Each couple performed two routines. Couples are listed in the order they performed.

| Couple | Scores | Dance | Music | Result |
| Rob & Alana | 24 (8, 8, 8) | Cha-cha-cha | "Funkytown" — Lipps Inc | Safe |
| 26 (9, 9, 8) | Tango | "Original Sin" — INXS |
| Esther & Brendon | 17 (6, 6, 5) | Jive | "White Wedding" — Billy Idol | Eliminated |
| 20 (6, 7, 7) | Viennese waltz | "Blue Eyes" — Elton John |
| David & Liza | 11 (3, 4, 4) | Samba | "Come On Eileen" — Dexy's Midnight Runners | Safe |
| 15 (3, 6, 6) | Quickstep | "Don't Get Me Wrong" — The Pretenders |
| Tamara & Carmelo | 23 (7, 8, 8) | Foxtrot | "Private Dancer" — Tina Turner | Safe |
| 27 (9, 9, 9) | Jive | "Dancing In The Dark" — Bruce Springsteen |
| Alex & Arsen | 24 (8, 8, 8) | Quickstep | "Walking On Sunshine" — Katrina & The Waves | Bottom two |
| 22 (8, 7, 7) | Cha-cha-cha | "Material Girl" — Madonna |
| George & Luda | 19 (5, 6, 8) | Salsa | "You Spin Me Round (Like a Record)" — Dead or Alive | Safe |
| 24 (8, 8, 8) | Foxtrot | "If You Leave" — Orchestral Manoeuvres in the Dark |

=== Week 8 ===
Week 8: The first perfect score of the season was awarded to Tamara and Carmelo for their salsa, topping the leader board with 56/60 at the end of the night. David and Liza once again were at the bottom with 36/60 for their two dances. For the first time in 10 seasons of the Australian version of the show, David Wirrpanda voluntarily left the competition, receiving the lowest score of the competition for 8 out of his 10 dances.

Each couple performed two routines. Couples are listed in the order they performed.

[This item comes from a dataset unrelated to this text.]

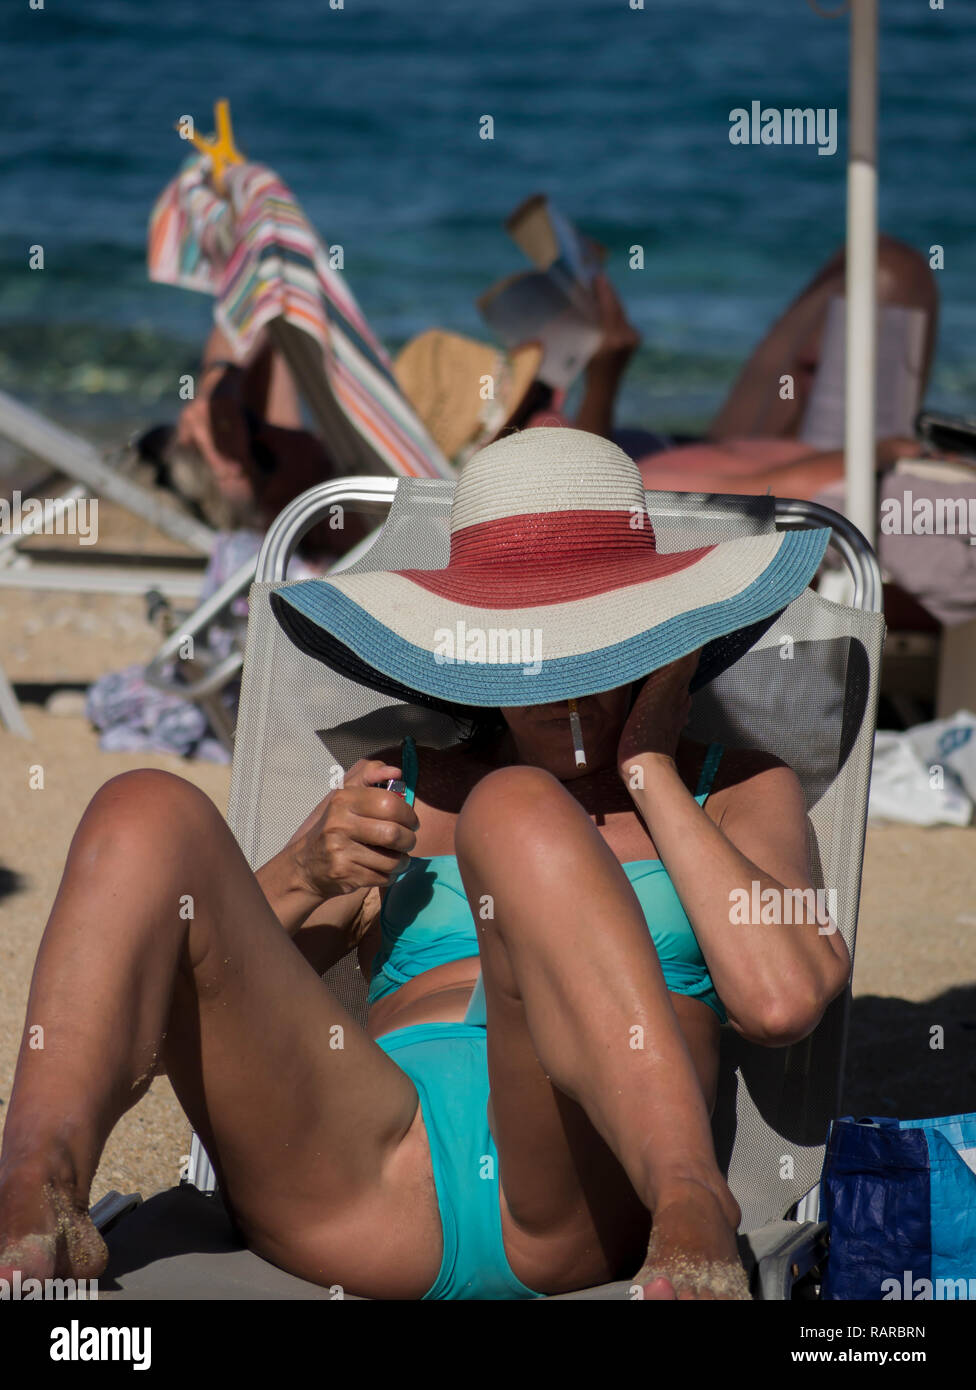 Woman on the beach wearing stylish hat smoking a cigarette Stock Photo

| Couple | Scores | Dance | Music | Result |
| George & Luda | 21 (7, 7, 7) | Jive | "Baby I'm Getting Better" — Gyroscope | Safe |
| 23 (7, 8, 8) | Viennese waltz | "That's Amore" — Dean Martin |
| Rob & Alana | 25 (9, 8, 8) | Paso doble | "Barracuda" — Heart | Bottom two |
| 27 (9, 9, 9) | Quickstep | "Town Called Malice" — The Jam |
| Alex & Arsen | 24 (8, 8, 8) | Samba | "Hip Hip Chin Chin" — Club des Belugas | Bottom two |
| 23 (7, 8, 8) | Tango | "Tainted Love" — Soft Cell |
| David & Liza | 19 (6, 6, 7) | Aussie Smooth | "Missing You" — John Waite | Withdrew |
| 17 (5, 6, 6) | Cha-cha-cha | "If I Had You" — Adam Lambert |
| Tamara & Carmelo | 30 (10, 10, 10) | Salsa | "Oye!" — Gloria Estefan | Safe |
| 26 (8, 9, 9) | Viennese waltz | "Fallin'" — Alicia Keys |

=== Week 9 ===
Week 9: Each couple performed a dance chosen by the judges as a redemption dance. After the first round, Rob and Alana were in first place with 28/30, with Alex and Arsen in last place with 17/30. Each couple then performed a segue dance, with both Tamara and Carmello and Rob and Alana receiving 28/30, and George and Luda and Alex and Arsen receiving 24/30. Australian performer Vanessa Amorosi performed her new song Holiday which was accompanied by a dance by some of the professional cast. All four couples participated in a Swing Dance Off, with the winner receiving 10 points added to their final score. Tamara and Carmelo won the 10 points and won first place for the night, with a total of 65/70. Rob and Alana were in the bottom two with George and Luda. George Houvardas was eliminated.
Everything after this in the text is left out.